Look again at Article IV. “Christ did truly rise from death”. I think it would be fair to say virtually all Christians agree he ‘rose from death’. The Article pins down what this means — how he ‘truly’ rose, and that is in his body of flesh and bones. It was, as we say, a ‘physical’ resurrection. Notions of a ‘spiritual’ resurrection are excluded by this, as they are by the resurrection accounts themselves.
But the Article also seems to be making another, and fundamentally important point, namely that these things — his flesh and bones — are included in those “appertaining to the perfection of Man’s nature”.
Now this immediately goes against the grain of a lot of people’s thinking. ‘Flesh and bones’ we easily regard as secondary to the true ‘nature’ of humanity, or even as an impediment to spirituality.
The notion of Christ’s ‘flesh and bones’ ascending to the heavens is in danger of being derided as a ‘primitive’ understanding, unworthy of a ‘higher’ spirituality. It was not what he meant, but it comes close to what a former Bishop of Durham sounded like he was saying when he referred to a ‘conjuring trick with bones’. Careless talk costs souls.

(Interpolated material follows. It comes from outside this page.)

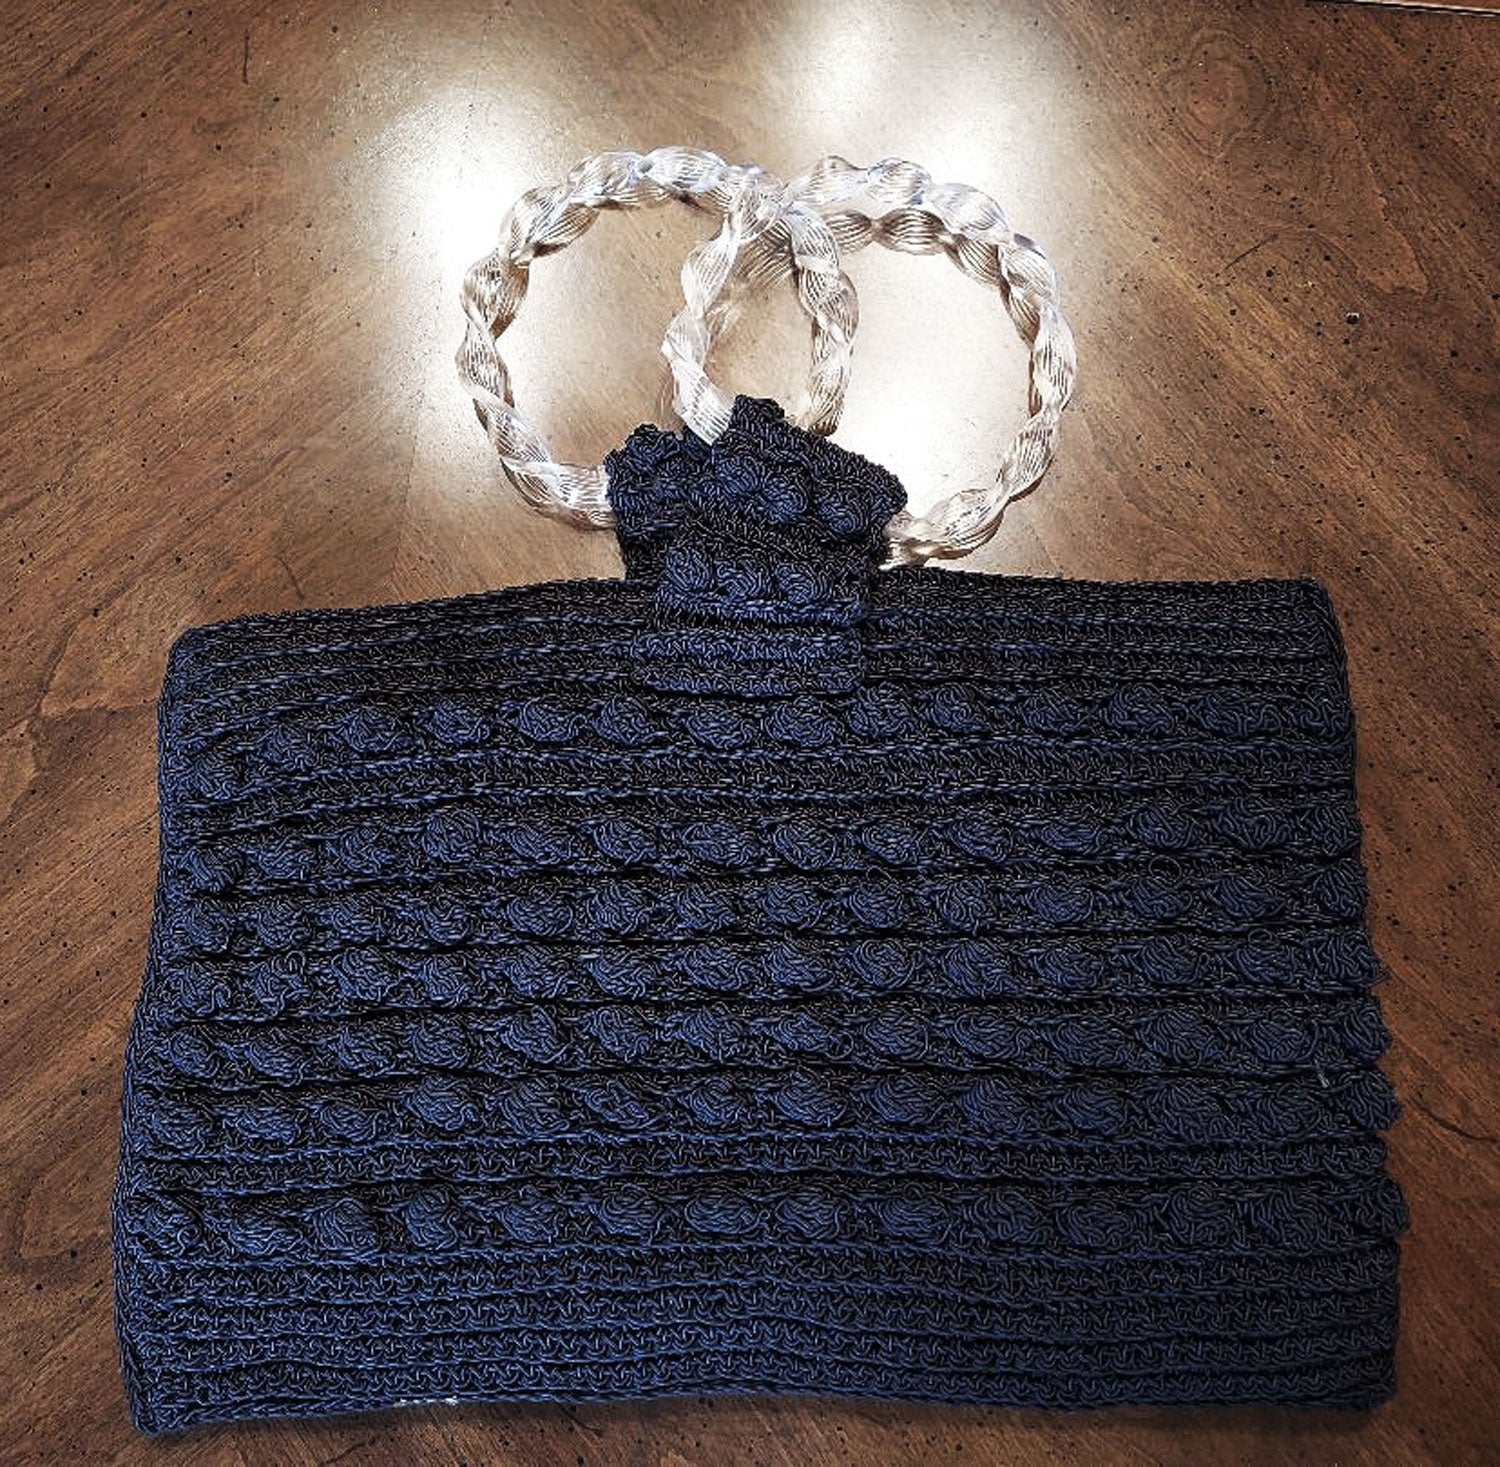 NAVY CROCHETED PURSE TWISTED ACRYLIC HANDLES3

But it is precisely for this reason that the Ascension confronts us with its uncompromising physicality, reminding us that human nature is embodied. We are not souls ‘in’ bodies, we are “ourselves, our souls and bodies”.
The Ascension, in short, is an affirmation of physicality — of the fact that God made a world of ‘stuff’. Where there was ‘formless void’ (Gen 1:2), he introduced substance and ‘shape’. And that was a good thing — a very good thing (Gen 2:31)!
Our nature is to be ‘embodied’. A ‘disembodied’ person might exist, but they would be incomplete — in biblical terms ‘imperfect’ (which can mean not ‘defective’ but ‘unfinished’, cf Heb 2:10).
Of course our flesh is frail and fallible, but as I indicated elsewhere, this perhaps ought to be given more recognition in terms of the interconnectedness of the physical and spiritual that we find in Scripture.
Meanwhile, on this Ascension Day, rejoice at the value God puts on your body:
13 “Food for the stomach and the stomach for food”—but God will destroy them both. The body is not meant for sexual immorality, but for the Lord, and the Lord for the body. 14 By his power God raised the Lord from the dead, and he will raise us also. (1 Cor 6:13-14)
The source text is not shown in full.